Connecting smart cities the smart way
By Michael Lok October 2, 2014
- Smart cities promise better and healthier urban environments
- WiFi ideal for creating smart city networks, but has challenges
INTEREST in connecting venues and vehicles is growing as more countries in the Asia Pacific region, one of the largest and fastest-growing urban regions in the world, invest in creating smart cities.
According to Navigant Research, annual smart city technology investment in Asia Pacific will almost quadruple by 2023, reaching US$11.3 billion.
India has recently announced that its plan to build a hundred smart cities, while Singapore has announced that it wants to be the world’s first Smart Nation underpinned by a Smart National Platform that brings together a nationwide sensor network and data analytics abilities.
Smart cities promise better and healthier urban environments through the adoption of city-based applications enabled by low-power, ruggedised environmental sensors and wireless connectivity.
A smart city can be run more efficiently than a traditional city as municipal authorities will be able to monitor more aspects of the city on real-time basis and respond accordingly. These include sensors that are able to send alerts when traffic or crowds are building up, or if there are malfunctions in the water or the electricity supply, and ensure that information services about city facilities that are always up to date.
Smart cities do not have to rely on static sensors, either. WiFi services are now increasingly common as part-free or paid services available in major venues such as airports and sports stadiums, and on public transport hubs in Asia.

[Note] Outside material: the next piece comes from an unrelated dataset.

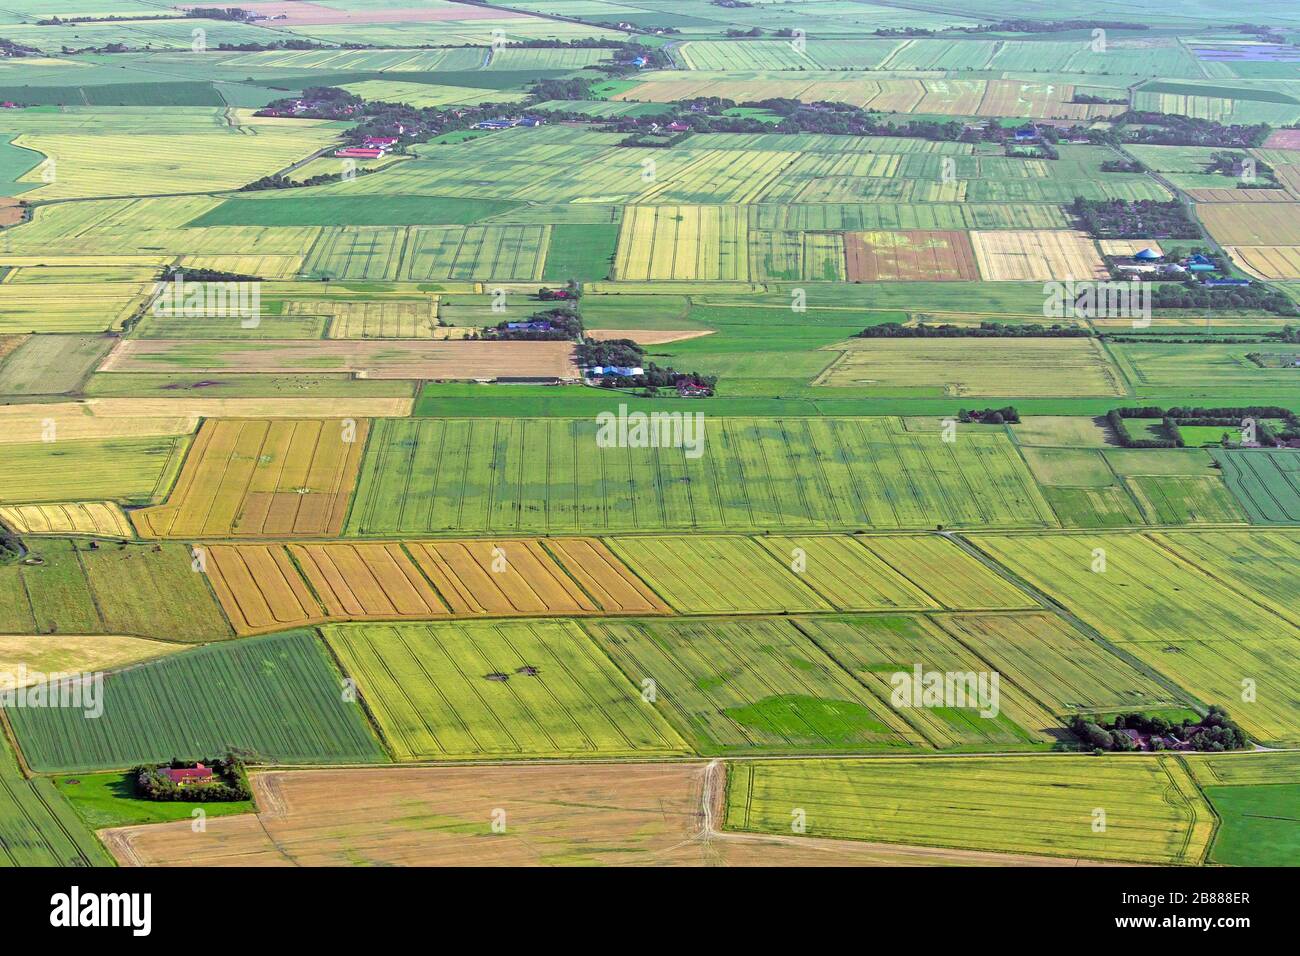 Vue aérienne sur les terres agricoles montrant les voies du tracteur dans les parcelles agricoles / parcelles de terres avec des cultures céréalières et des champs de blé / champs de maïs en été Banque D'Images

Ground transport operators are competing with airlines through offering WiFi services, which can already be enjoyed in trains and stations in Malaysia, Indonesia, Japan, and South Korea.
Most recently, free WiFi in selected Singapore mass rapid transit stations was announced in August 2014.
In many large Asian cities, millions of passengers may pass through multiple transport hubs such as airports, train and bus stations, and subway systems every day.
As smart mobile device ownership grows across the region, these passengers very often demand timely access to essential information such as the weather, air quality, public transportation situation, schedules and location-related guidance as they make use of these facilities.
WiFi is an ideal method for conveying such information, and would also support operational needs such as points-of-sale, shipping and logistics, digital signage and video security. Homeland security could also receive a boost from WiFi-based smart city initiatives.
WiFi could also provide a platform for new revenue-generating services. With 3G and 4G (Third and Fourth Generation) networks reaching peak capacities, WiFi is seen by many telecom operators as an effective alternative for offloading mobile data traffic for a variety of data-intensive applications, both from end-users and for smart cities.
Besides revenue-generation through WiFi access and 3G/ 4G offload, associated WiFi technologies could also bring about new revenue streams.
Technology is now available for accurate indoor location positioning, for example, which could track user footfall and indirectly interest in various locations, as well as enable delivery of targeted location-based advertisements.
Supporting WiFi in an existing environment can be very challenging from a wireless performance perspective, however.
One problem is that there is typically little or no existing networking infrastructure to build on, especially in structures that are decades old. Additionally, traditional WiFi technology does not function properly in many indoor situations, where thousands of people gather and access the WiFi networks.
Third, big fluctuations in user volumes or cargo density can occur over the course of the day, dramatically impacting network performance.
In the worst case scenario, WiFi exists but connections are unstable, leading to low user satisfaction and the inability to support critical applications.
Governments, municipal authorities and service providers looking to build wireless networks in a smart city context can now consider wireless LAN (local area network) infrastructure that can handle dense public environments.
They can consider WiFi access points with intelligent capabilities to connect a high density of smart devices, and band-steering technology can ensure the optimum connections for challenging environments, for example.
What’s more important, these smart city ready WiFi networks should, with built-in capabilities, be able to analyse locations of the citizens, and drill time and predict movement, so that they can plan resources accordingly.
Here is a list of questions to ask technology partners when considering WiFi implementations in a smart city setting:
- Is the solution proven?
- How many access points are required?
- How consistent is the coverage over the day, especially during peak hours?
- How good is network performance in locations with traditionally poor connectivity?
- How is peak demand handled in high density locations?
- Is the network easily managed?
- Can accurate location based services, voice over WLAN and similar revenue-generating applications be supported?
- How detailed are the analytics?
- Can the system be easily expanded with third party technology?
WiFi infrastructure that works well in dense public environments could benefit members of the public as well as industry, service providers, municipal authorities and the government. Technology providers must offer trials or other ways to test the equipment and survive stress tests.
When large numbers of citizens are involved, deploying the best technology to offer effective services creates a win-win situation for all.
Michael Lok is the South-East Asia managing director at Ruckus Wireless.